PHOTOGRAPHIE DE Enric Sala, National Geographic

Dans une zone de haute mer entourant quatre îles volcaniques au large de la côte ouest du Mexique, les requins et les raies mantas nagent en toute liberté. Les baleines à bosse y mettent bas et élèvent leurs petits. Plus de 300 espèces de poissons, dont 36 n’existent nulle part ailleurs à l’état sauvage, sont protégées de la pêche. 

Surnommé les « Galápagos du Mexique », le parc national de Revillagigedo, d’une superficie de 148 000 kilomètres carrés, constitue la plus grande concentration de mégafaune au monde et la plus grande zone marine protégée d’Amérique du Nord. 

Cinq ans après la création du parc, une nouvelle étude révèle qu'il a été bénéfique pour la faune et la flore, mais aussi pour l’industrie de la pêche mexicaine : l’interdiction de pêcher à l’intérieur de la réserve n’a pas affecté la capacité des navires de pêche commerciale à trouver et à capturer du poisson. Ces résultats sont la preuve qu'un écosystème océanique essentiel peut être protégé sans sacrifice économique.

En d’autres termes, « nous pouvons avoir du poisson mais aussi en manger », déclare l’écologiste Enric Sala, explorateur National Geographic en résidence et coauteur de l’étude, publiée le 30 mai dans la revue Science Advances

 

2 000 BATEAUX DE PÊCHE SURVEILLÉS

L’initiative Pristine Seas d’Enric Sala a contribué à la création de la réserve fin 2017. La réserve s’est heurtée à l’opposition des acteurs de l’industrie de la pêche commerciale du pays, qui ont affirmé que l’aire marine protégée entraverait considérablement leur capacité à pêcher. Selon Sala, l’opposition de l’industrie de la pêche n’avait initialement aucun fondement  : les navires de pêche commerciale mexicains ne passaient que 7 % de leur temps à pêcher dans les eaux de la réserve avant qu’elles ne soient protégées. Cinq ans après l’entrée en vigueur de l’interdiction, Sala a collaboré avec une équipe de chercheurs américains et mexicains pour voir si les choses avaient changé.

L’équipe a examiné deux types de données : les lieux de pêche des bateaux et ce qu’ils capturaient, avant et après que l’archipel de Revillagigedo a été intégralement protégé. Les données sur les captures, recueillies par l’Institut national de la pêche du Mexique, ont révélé que le volume des captures n’avait pas changé au cours des quatre années qui avaient suivi la protection de la réserve, aussi bien pour les bateaux qui avaient toujours pêché dans la réserve que pour les autres.

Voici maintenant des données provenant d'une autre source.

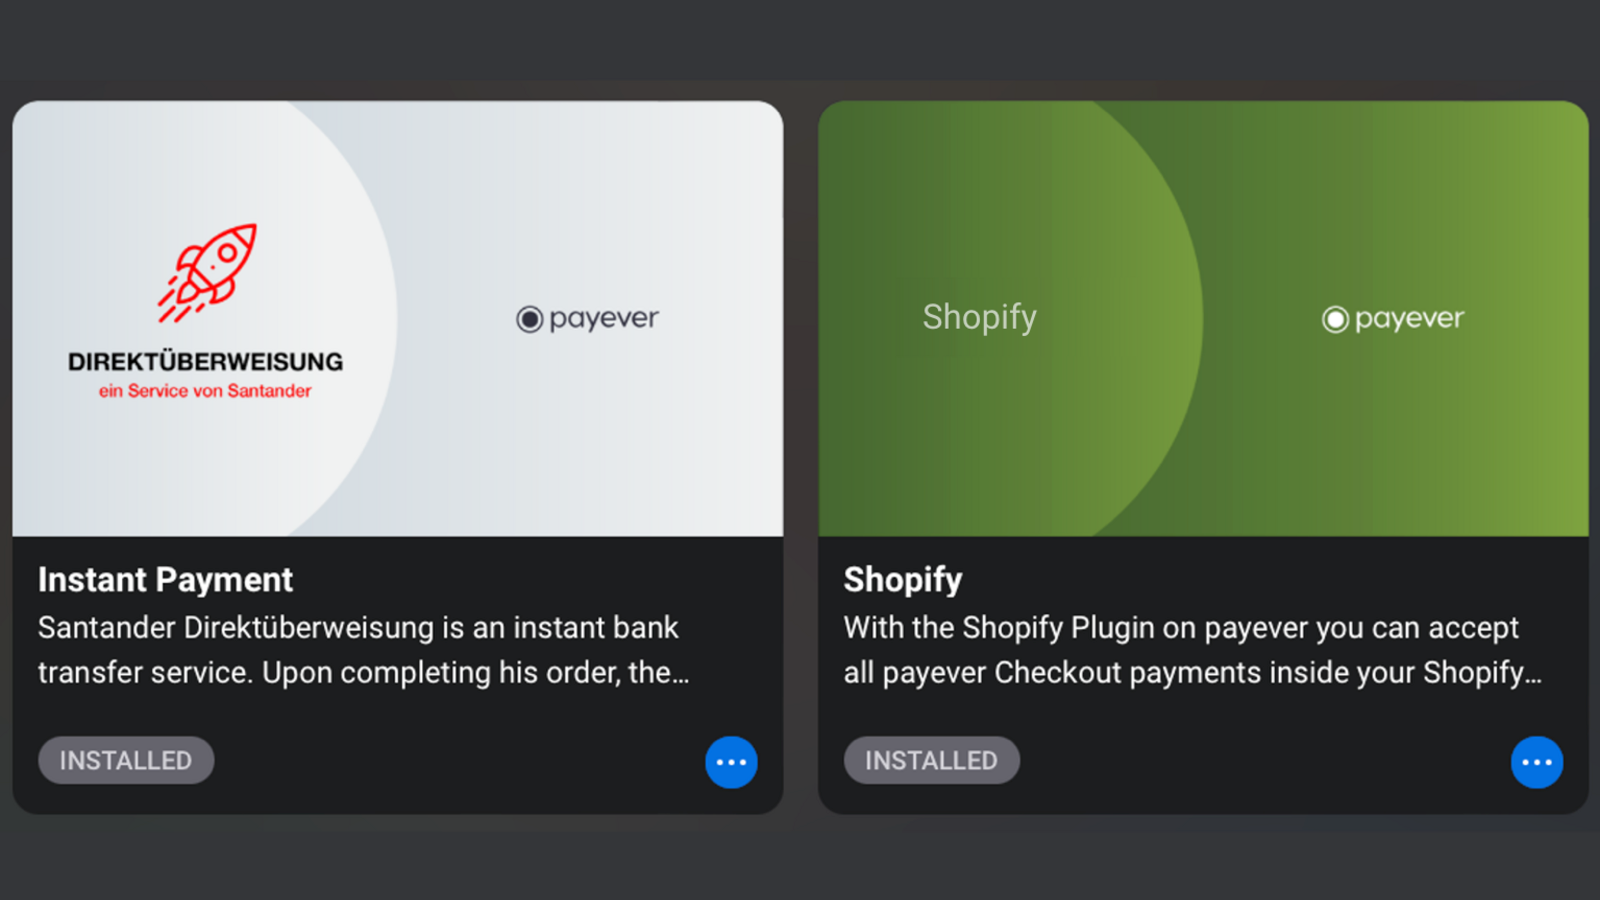 即时支付和Shopify应用在payever中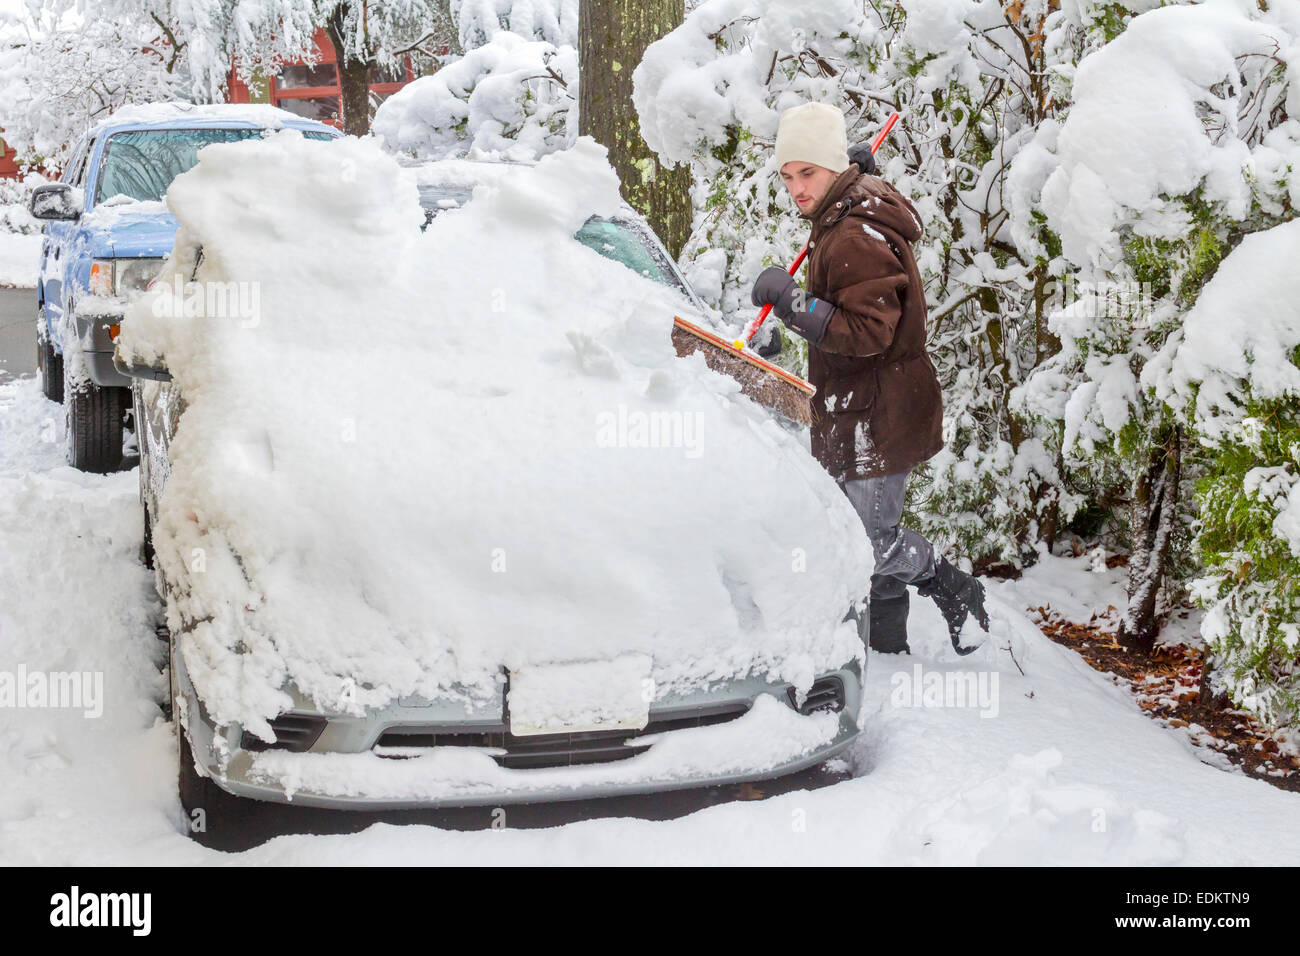 Ein Mann reinigt ein Auto von Schnee mit einem Besen Stockfotografie - Alamy

L’équipe souhaitait également savoir si les bateaux s’étaient bel et bien mis à pêcher en dehors de la réserve et, auquel cas, quels étaient leurs nouveaux itinéraires depuis l’interdiction. À l’aide des données satellitaires obtenues grâce aux systèmes de localisation des bateaux, l’équipe a utilisé une technologie d’intelligence artificielle pour détecter les lieux de pêche à partir de la vitesse et des mouvements des bateaux (des mouvements légers ou en zigzag peuvent signifier qu’un bateau est en train de pêcher du thon, par exemple).

Les données ont révélé que la pêche à l’intérieur de la réserve a diminué de 82 % après que ses eaux ont été entièrement protégées en 2017. Elles indiquent également que la zone de pêche globale des bateaux a diminué de 55 % en moyenne ; la protection de Revillagigedo n’a donc pas amené les navires à s’aventurer plus loin pour attraper du poisson.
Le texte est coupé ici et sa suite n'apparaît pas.